From: Frederick Virchanza Gotham <cauldwell.thomas_at_[hidden]>
Date: Thu, 6 Feb 2025 11:04:44 +0000
I've never written a compiler before -- I've tinkered a bit editing
parts of g++ and the linker -- but anyway I imagine it works something
like as follows:

I imagine that the compiler maintains a list of all the types (and
unspecialised templateable types) that have been declared so far in a
translation unit. Let's call this container "gTranUnitTypes".
When the compiler encounters something that might be a type, e.g.
"std::vector<int>", it looks through gTranUnitTypes to see if it's
already been declared. If it doesn't find it, you get a compiler
error.

Well, what if a compiler were to be edited as follows:

If it fails to find the type in gTranUnitTypes, it then looks for it
in another built-in container called "gStdLibraryFwdDeclarations". The
latter container contains a forward declaration of every class type in
the C++ Standard library, approximately a thousand of them.
gStdLibraryFwdDeclarations is a sorted map where the key is the hash
of the type's name, so you can do a binary search through it.
gStdLibraryFwdDeclarations would take up way less than a megabyte in
memory.

This would mean that we could write a translation unit as follows:

    [ beginning of translation unit ]
    std::vector<int> my_global_vec;
    [ end of translation unit ]

and it would compile just fine because the compiler can find a forward
declaration of "std::vector" inside gStdLibraryFwdDeclarations.

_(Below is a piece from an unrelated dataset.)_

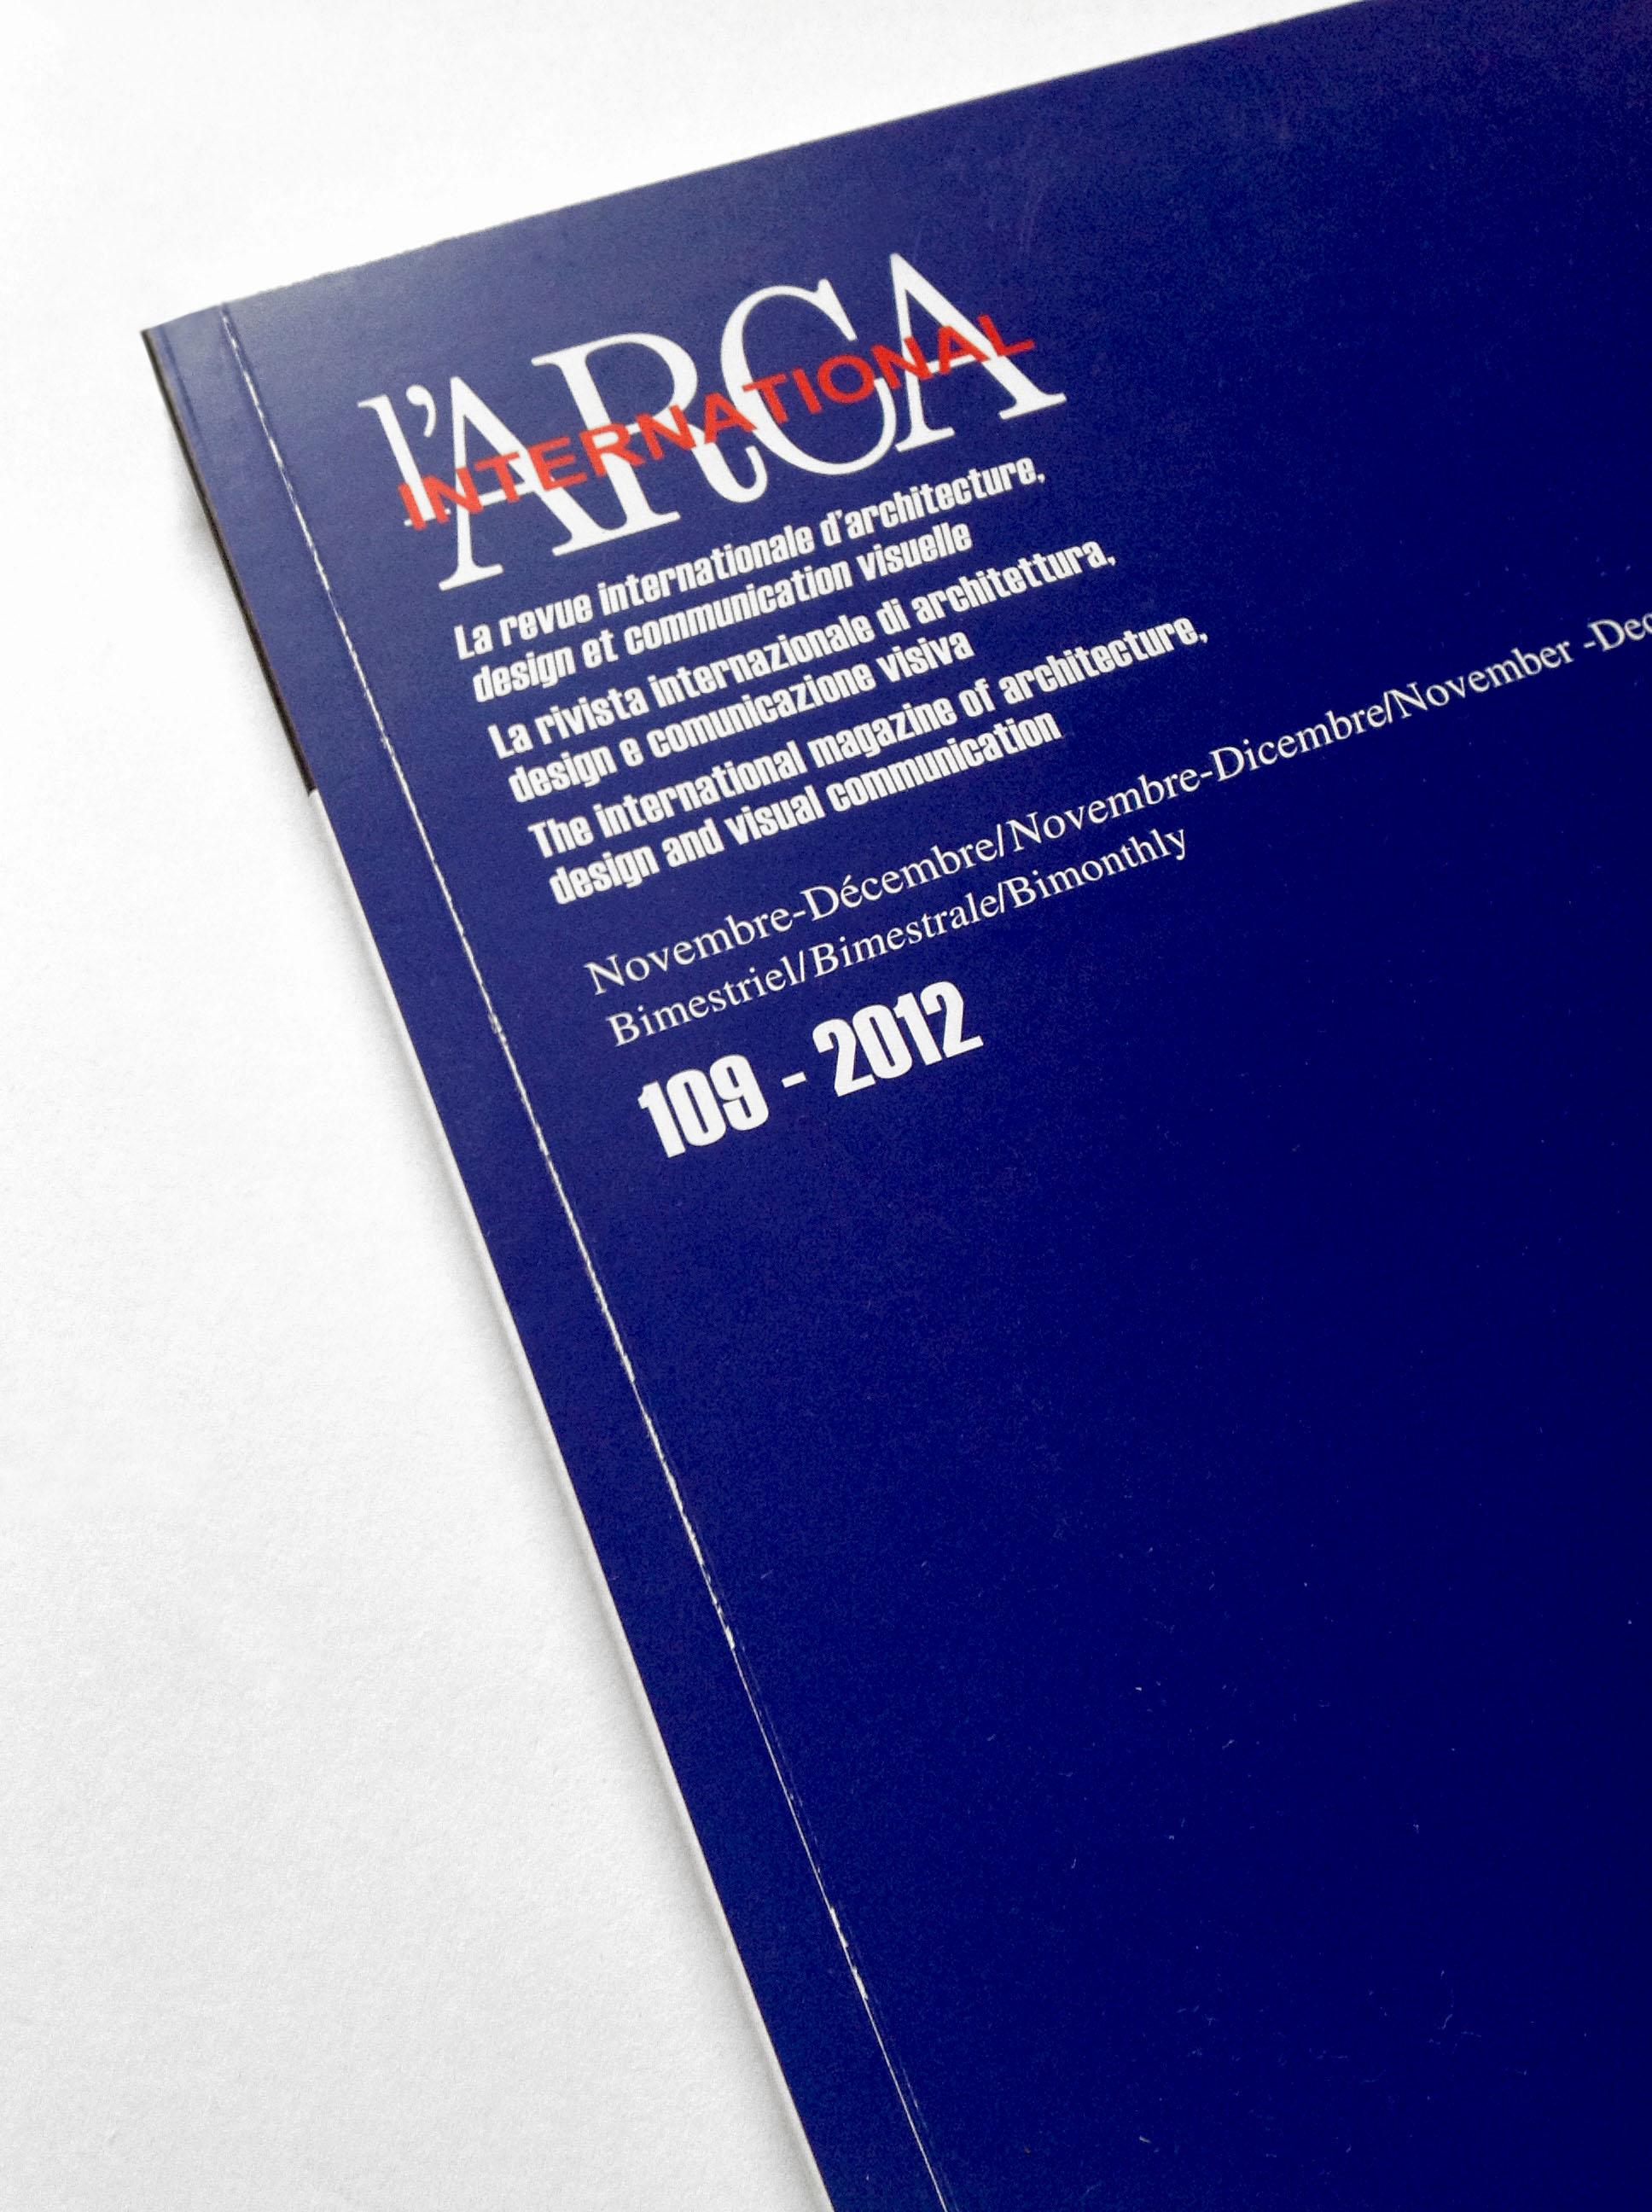 La grafica è stata pubblicata su L'Arca.International Magazine of Architecture. Numero 109/2012 Novembre Dicembre

So of course the next question is: ? ? ? ? ? How Will This Affect
Compile Times ? ? ? ? ?

Well it will only affect compile times for translation units that fail
to find the type in gTranUnitTypes -- that is to say: It will only
affect compile times for translation units that are going to fail to
compile anyway. And you can speed up compile times for other
translation units by getting rid of "#include <vector>".